Research Paper Volume 15, Issue 20 pp 11152—11161
The novel GLP-1/GIP dual agonist DA3-CH improves rat type 2 diabetes through activating AMPK/ACC signaling pathway
- 1 Department of Endocrinology, Fuzhou Second Hospital, Fuzhou 350007, Fujian Province, China
- 2 The Third Clinical Medical College, Fujian Medical University, Fuzhou 362002, Fujian Province, China
- 3 Department of Internal Neurology, Fuzhou Second Hospital, Fuzhou 350007, Fujian Province, China
- 4 Department of Orthopedics Institute, Fuzhou Second Hospital, Fuzhou 350007, Fujian Province, China
Received: June 9, 2023 Accepted: September 26, 2023 Published: October 17, 2023
https://doi.org/10.18632/aging.205118How to Cite
Copyright: © 2023 Xu et al. This is an open access article distributed under the terms of the Creative Commons Attribution License (CC BY 3.0), which permits unrestricted use, distribution, and reproduction in any medium, provided the original author and source are credited.
Abstract
Background: Type 2 diabetes mellitus (T2DM) accounts for more than 95% of all diabetes. DA3-CH is a novel dual receptor agonist of glucagon like peptide-1 (GLP-1) and glucose dependent insulin stimulating polypeptide (GIP). The regulatory role of DA3-CH in T2DM has not been reported.
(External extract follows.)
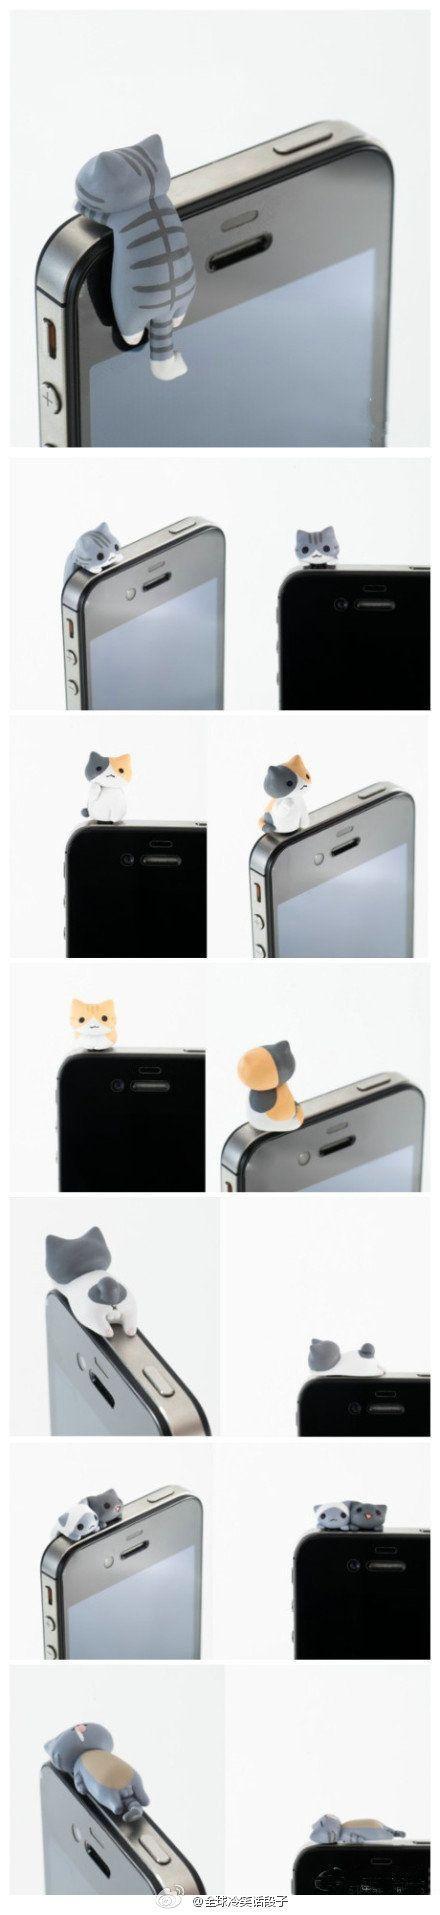 iCat Ear Plug For iPhone  Design das mir gefällt

Methods: T2DM rat model was established successfully with high sugar and fat feed and streptomycin (STZ) induction. The mRNA and protein expression were measured with RT-PCR and western blotting. The apoptosis level in the pancreatic tissue was evaluated with Tunel staining. Blood glucose, fat, and oxidative stress indicators were measured.
Results: DA3-CH greatly improved T2DM symptoms by reducing blood glucose, blood fat, pancreatic tissue injury, apoptosis, and oxidative stress condition. The inactivation of Adenylate activated protein kinase (AMPK)/acetyl CoA carboxylase (ACC) signaling pathway in T2DM rats was promoted by DA3-CH. The influence of DA3-CH was significantly reversed by Com-C, the inhibitor of AMPK/ACC signaling pathway.
Conclusions: DA3-CH might improve T2DM through targeting AMPK/ACC signaling pathway. This study might provide a novel therapeutic strategy for the prevention and treatment of T2DM through targeting DA3-CH and AMPK/ACC signaling pathway.
Abbreviations
T2DM: Type 2 diabetes mellitus; GLP-1: glucagon like peptide-1; GIP: glucose dependent insulin stimulating polypeptide; AMPK: Adenylate activated protein kinase; ACC: acetyl CoA carboxylase; STZ: streptomycin; DMEM: Dulbecco’s modified Eagle medium; SPF: Specific pathogens free; Met: Metformin.